In Virginia Beach, the president also warned that Republicans seeking to cut into Medicaid entitlements run the risk of dismantling an already fragile rural hospital system. The Affordable Care Act’s Medicaid expansion has provided some $12 billion to hospitals, many of them rural, and three-fourths of hospital closures have occurred in states that have not expanded Medicaid benefits, according to figures released by the White House.
“Communities depend on these hospitals,” Mr.
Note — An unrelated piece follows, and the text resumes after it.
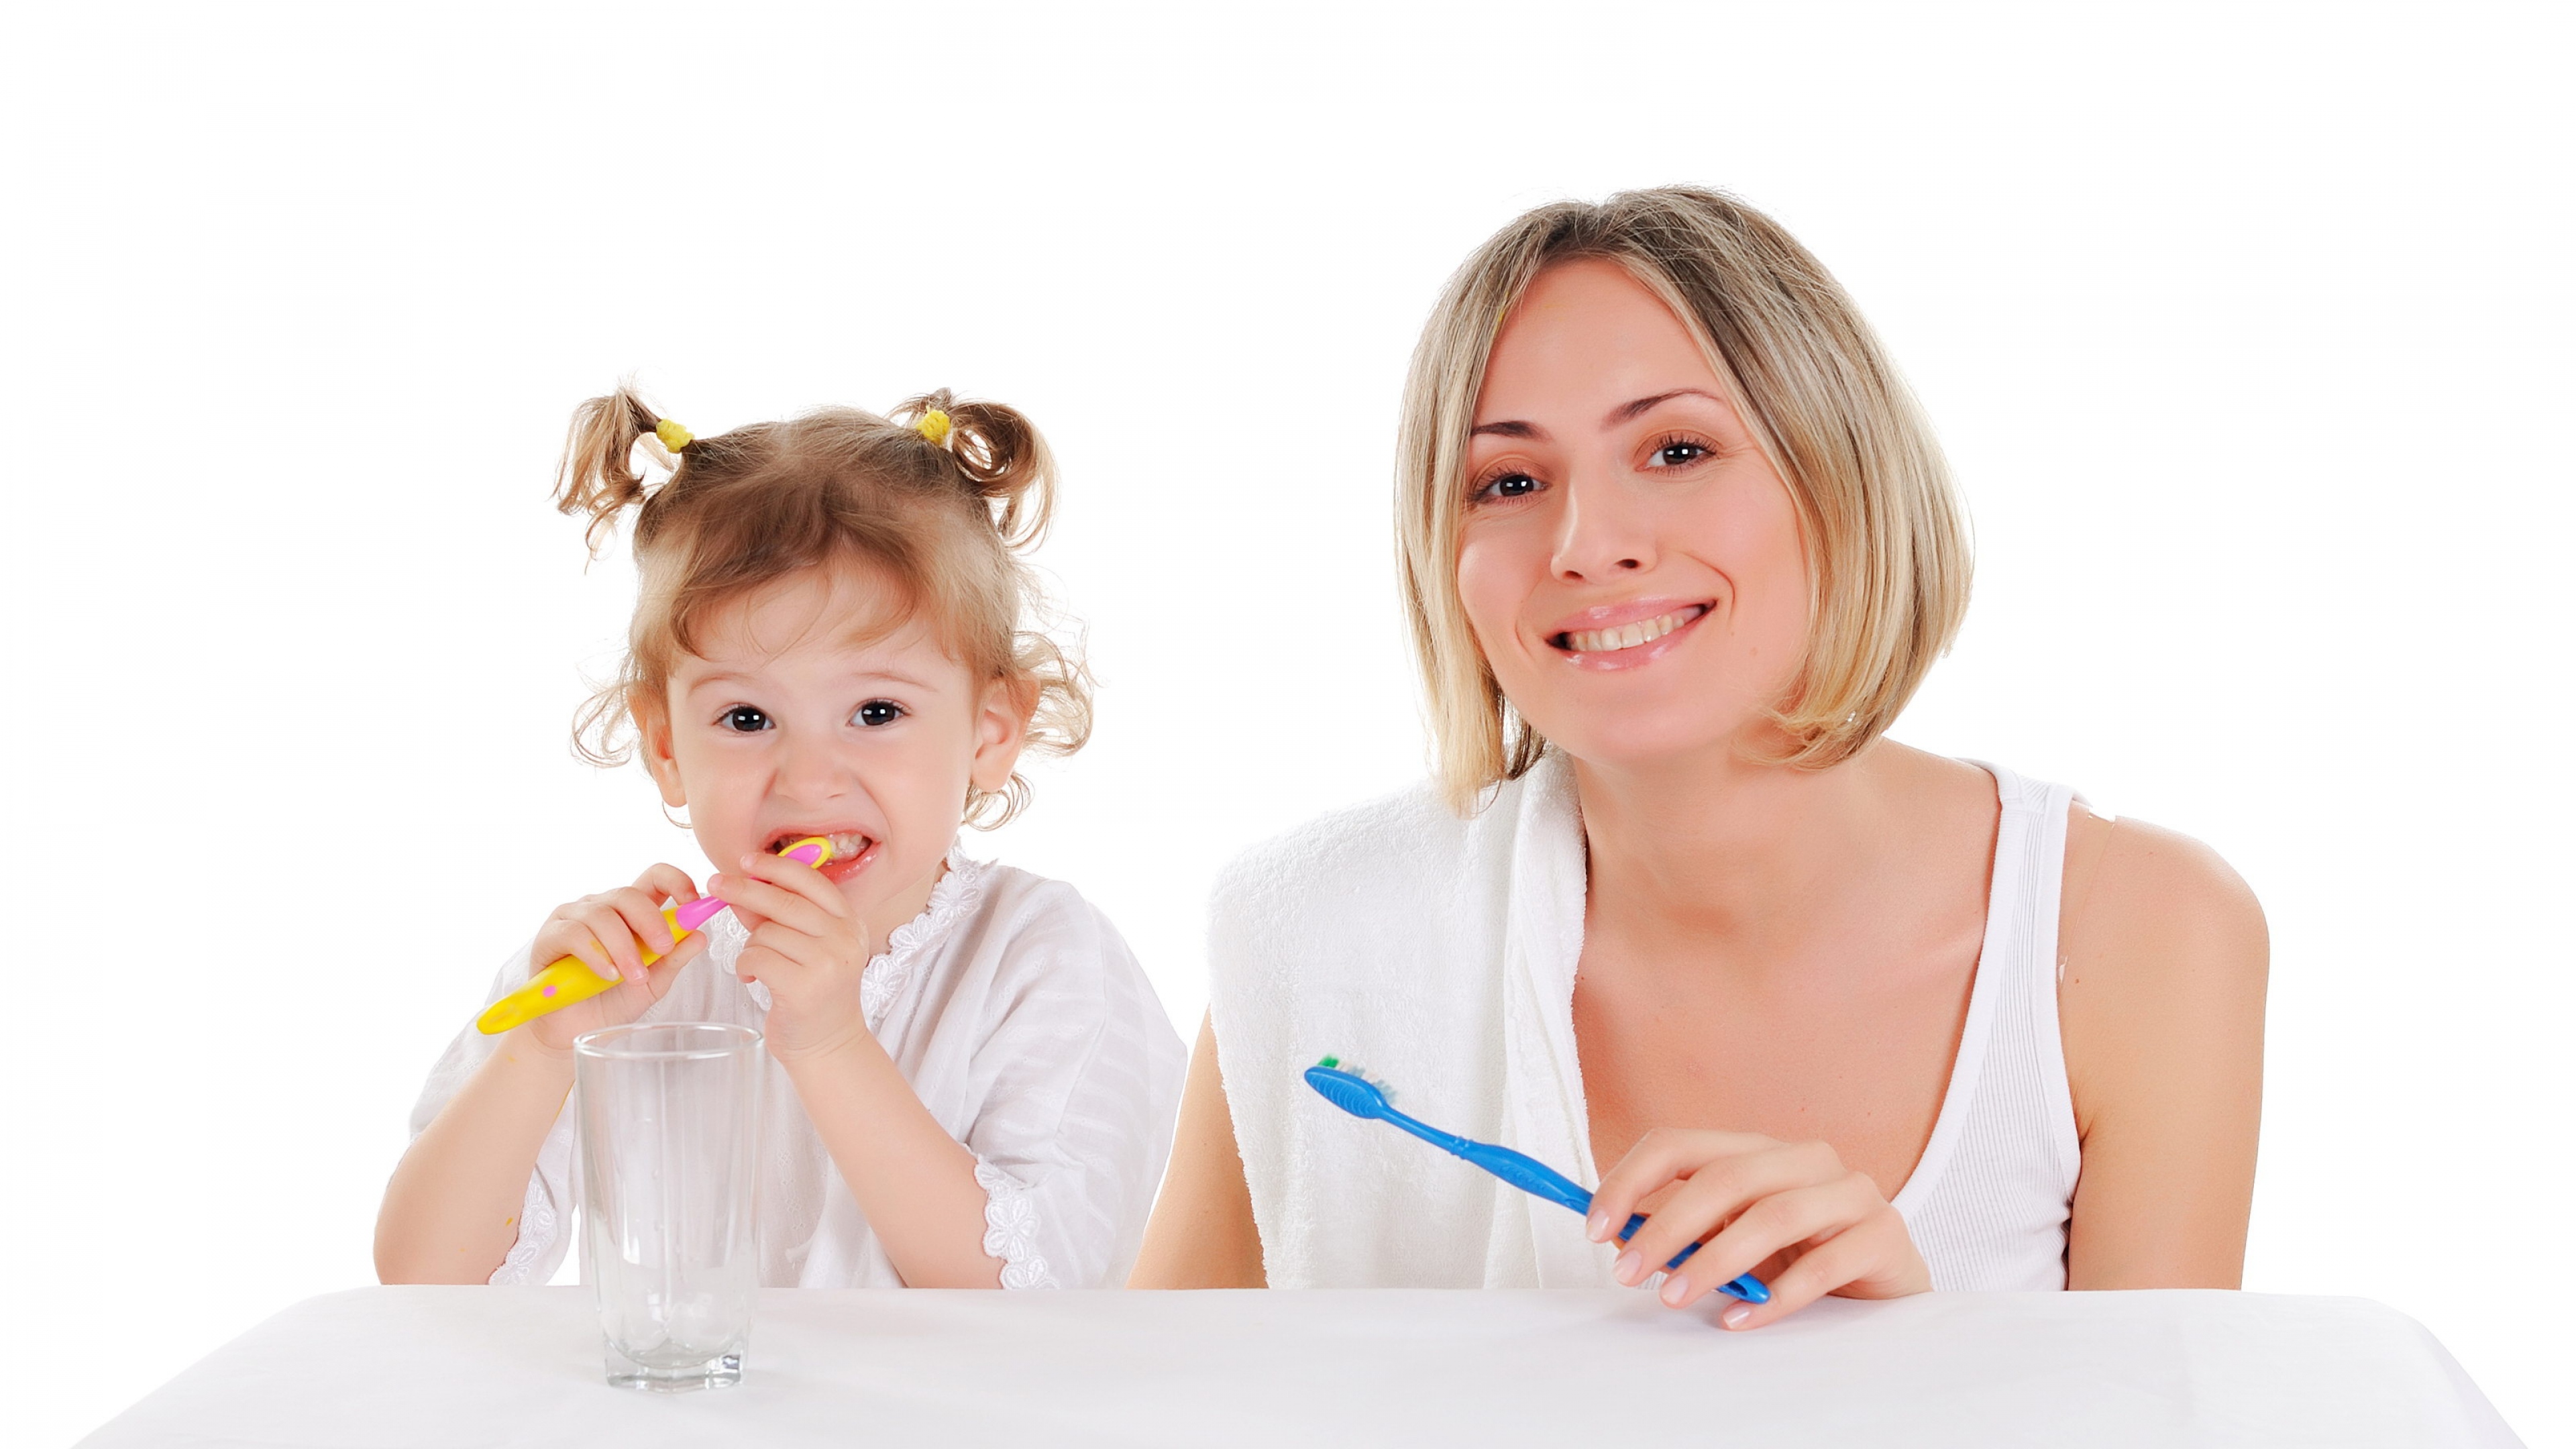 teeth_cleaning_hygiene_mother_daughter_white_brush_80257_3840x2160
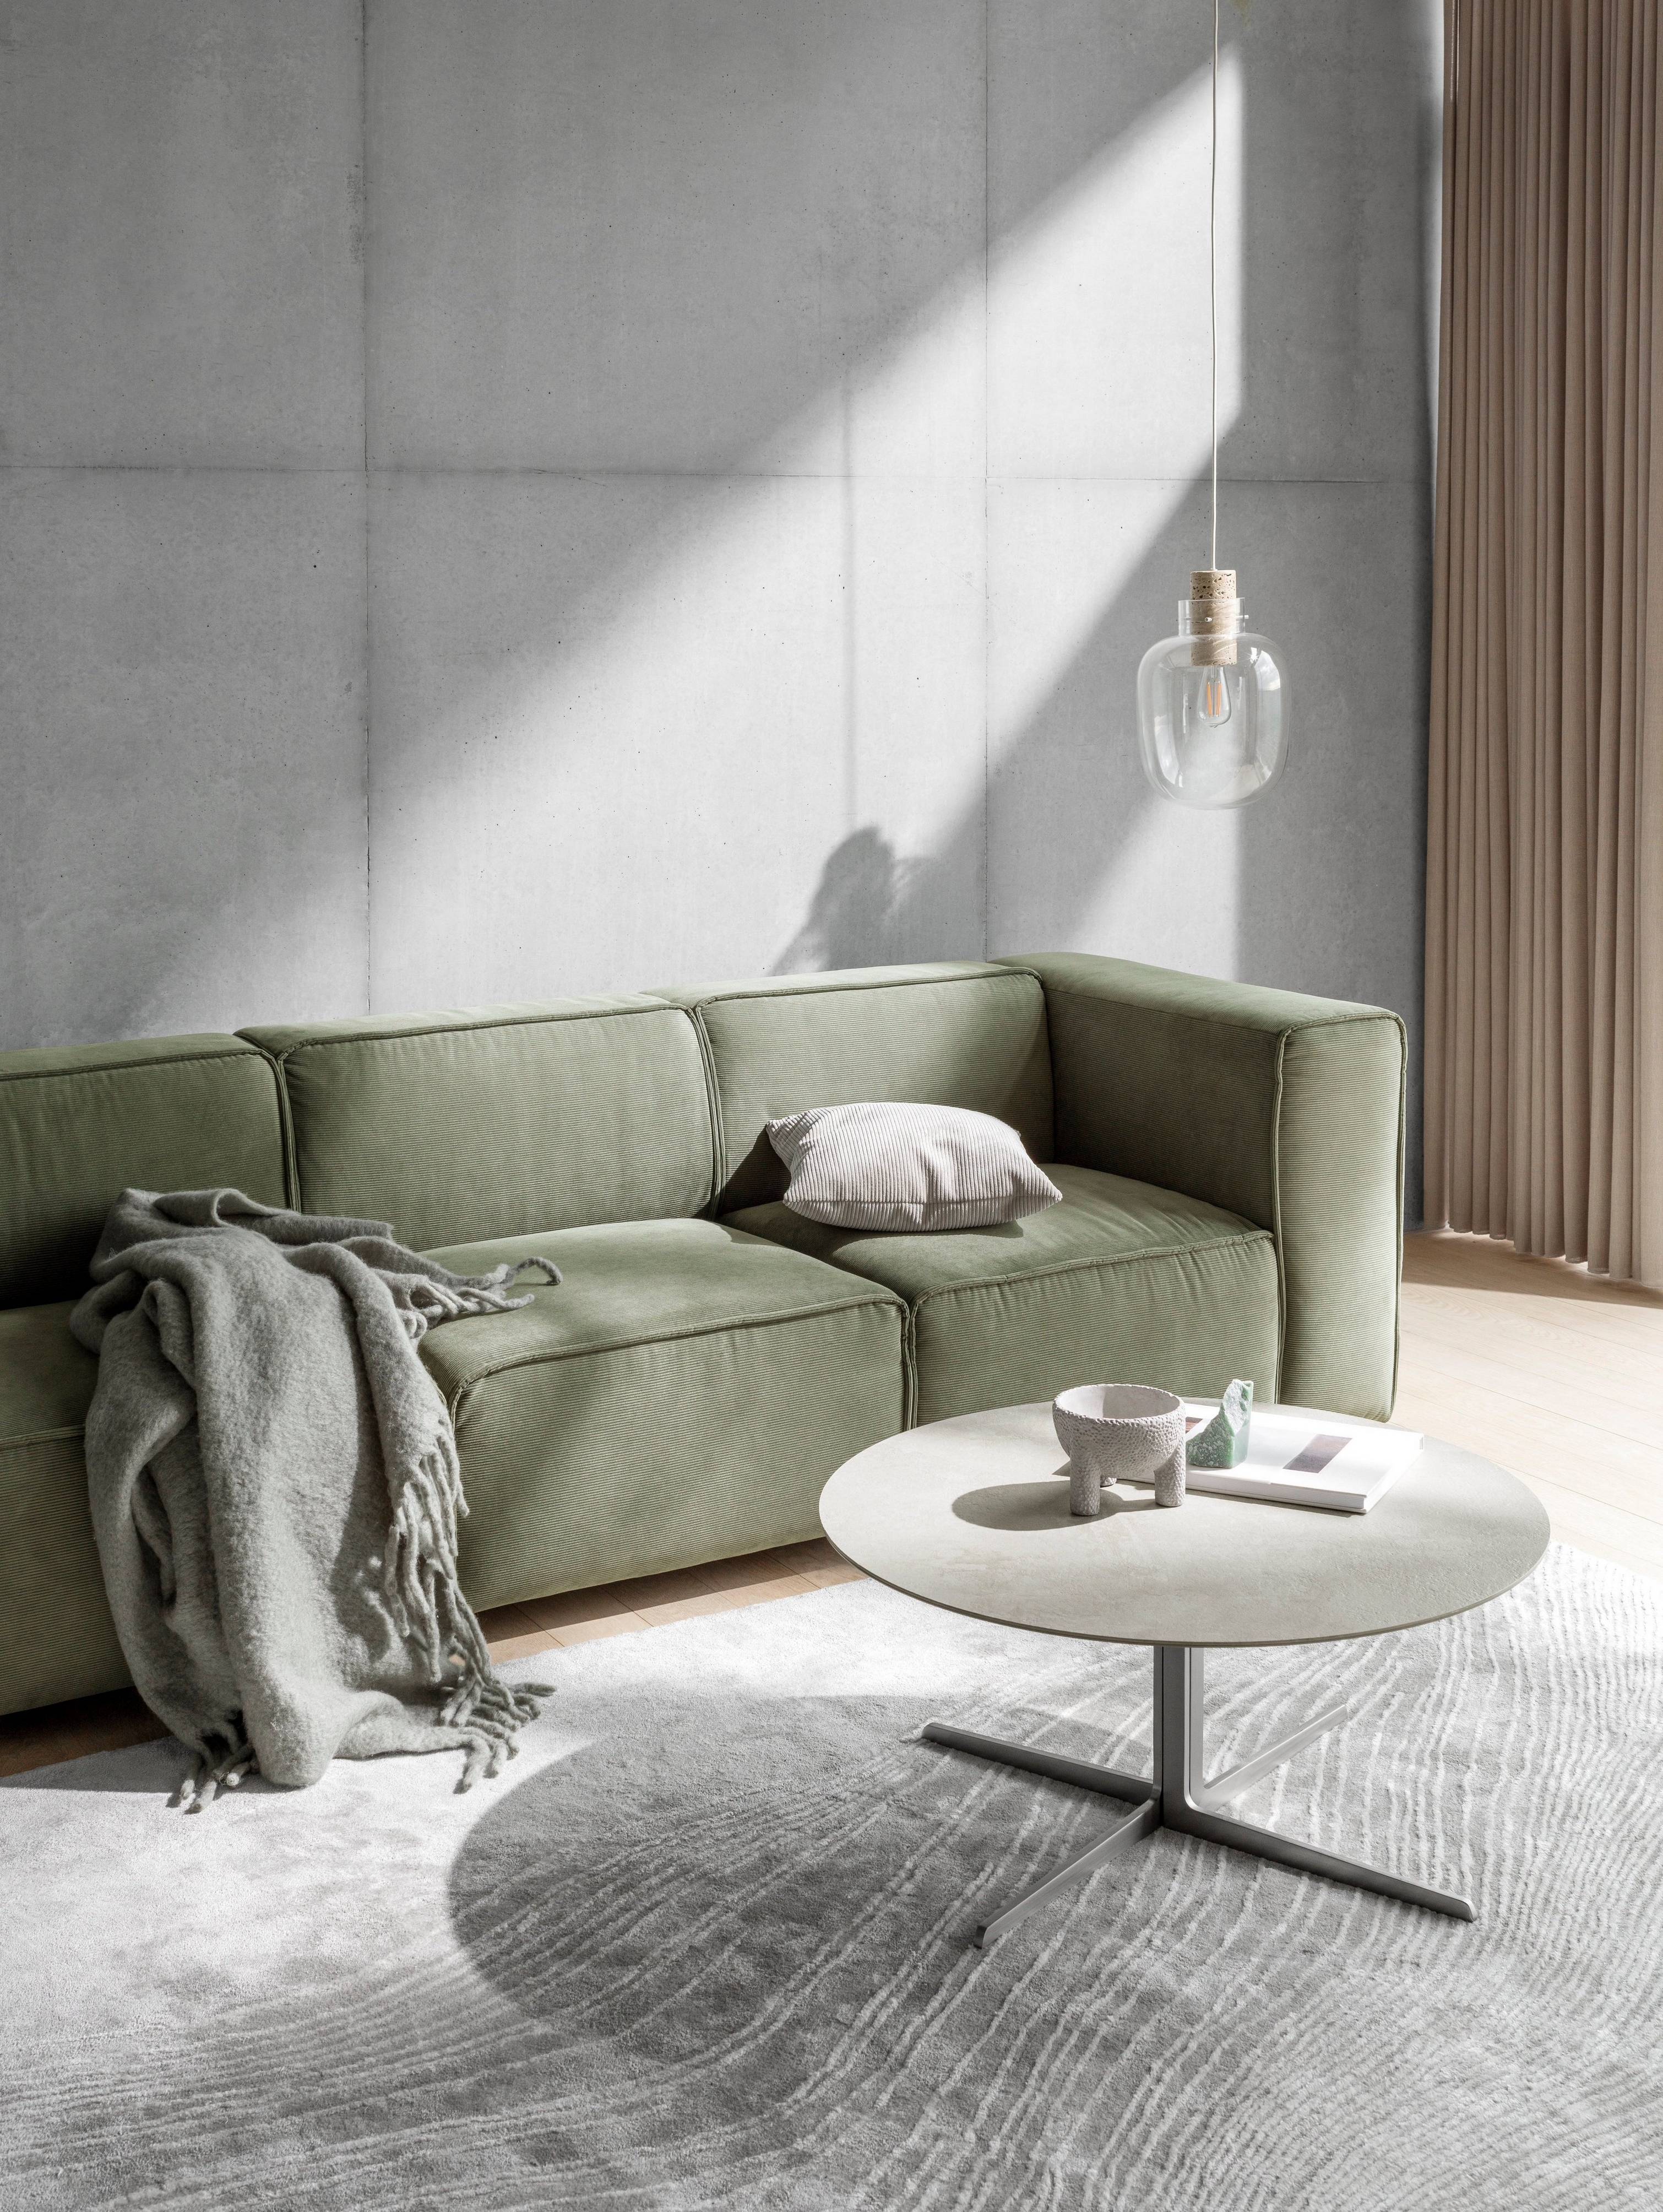 The Carmo sofa in a nicly sunlit room with a pillow and a rug placed on the seats.

Biden said. “Not getting Medicaid would shut many of them down.”
Mr. Biden on Tuesday mentioned a budget plan by Russell Vought, a former senior Trump administration official, that has been referenced by Republicans as they hash out their budget priorities. Mr. Vought, who did not respond to a request for comment on Tuesday, leads a Trump-aligned think tank called The Center for Renewing America. He recently released a budget plan that would slash Medicaid coverage and cull $600 billion from the Affordable Care Act.
On Monday, Representative Jodey C. Arrington, Republican of Texas and the chairman of the House Budget Committee, told Reuters that lawmakers were reviewing items “consistent” with what is in Mr. Vought’s plan. A press secretary for Mr. Arrington did not return a request for comment.